Every day we crawl a little closer to Douglas Adam's famous and prescient Babel fish. A new research project from Google takes spoken sentences into one language and outputs spoken words into another – but unlike most translation techniques, it uses no text that only works with the sound. This makes it quick, but more importantly makes it easier to reflect the cadence and tone of the speaker's voice.
Translatotron, as the project is called, is the culmination of years of related work, but it is still very much an experiment. Google's researchers and others have looked at the possibility of direct speech-to-speech translation for years, but only recently have these efforts gained fruit worth harvesting.
Translating speech is usually done by breaking down the problem in less sequential ones: turning the source text into text (text-to-text or STT), turning text into one language into text in another (machine translation), and then rotating the resulting text to speech (text-to-speech or TTS). It works pretty well, but it's not perfect. each step has types of errors it is prone to, and these can unite.

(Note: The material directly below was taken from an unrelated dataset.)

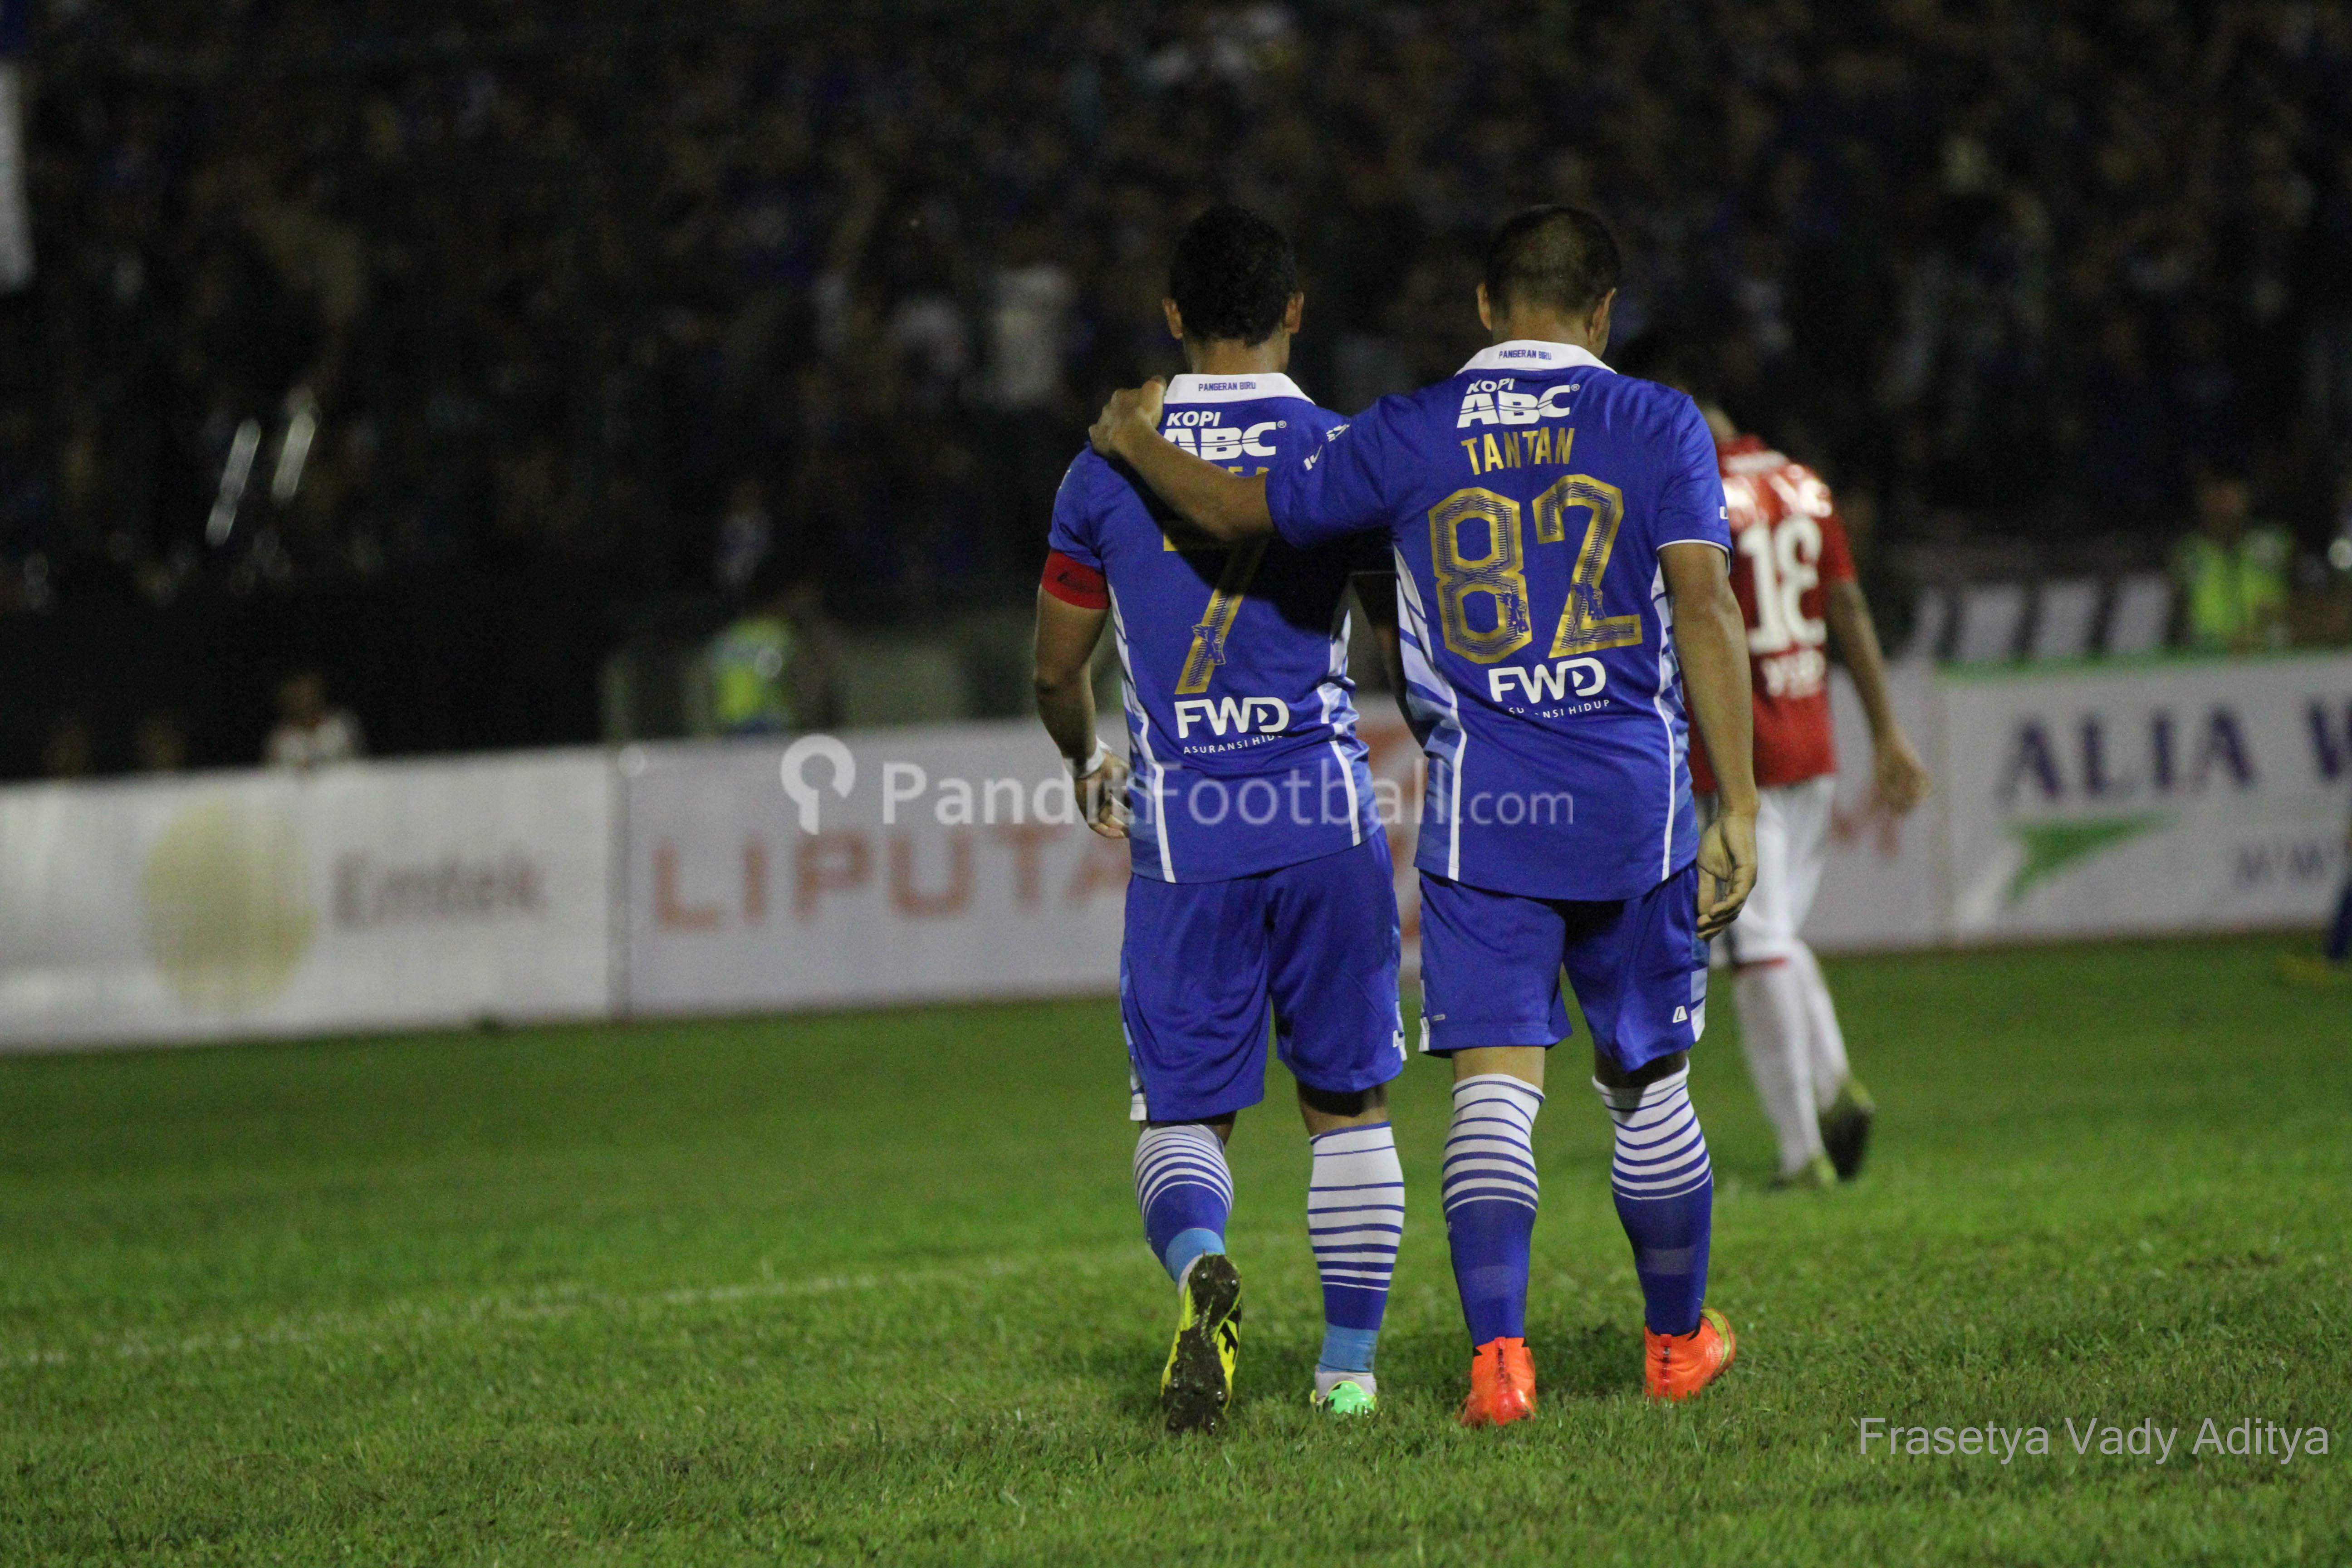 Pertahanan Disiplin Bali United Imbangi Persib yang Kelelahan

It is not really how multilingual people translate into their own heads, as a testimony to their own thought processes suggests. How accurate it works is impossible to say with certainty, but few would say that they break down the text and visualize it to switch to a new language, then read the new text. Human cognition is often a guide for how to advance machine learning algorithms.
For this purpose, the researchers began to investigate the conversion of spectrograms, detailed frequency distributions of sounds, speech in one language directly to the spectrogram in another. This is a very different process from the three-stage and has its own weaknesses, but it also has advantages.
One is that while it is complex, it is basically a one-step process rather than several steps, which means that Translatotron can work faster if you have sufficient processing power. But more importantly for many, the process makes it easy to retain the character of the source part, so the translation does not come out robotically but with tone and cadence of the original meaning.
Of course, this has a tremendous impact on expression, and someone who relies on translation or voice synthesis will regularly appreciate that not only what they say comes through, but how they say it. It is difficult to exaggerate how important this is to ordinary users of synthetic speech.
The accuracy of the translation, recognizes the researchers, is not as good as the traditional systems, which have had more time to delete their accuracy. But many of the resulting translations are (at least in part) quite good, and being able to include expressions is too great an advantage to pass. In the end, the team modestly describes their work as a starting point that shows whether the approach is feasible, but it is easy to see that it is also an important advance on an important domain.
The paper describing the new technology was published on Arxiv, and you can browse samples of speech, from source to traditional translation to Translatotron, on this page. Just be aware that these are not all selected for the quality of their translation, but serve more as examples of how the system retains the expression while getting the essence of the sentence.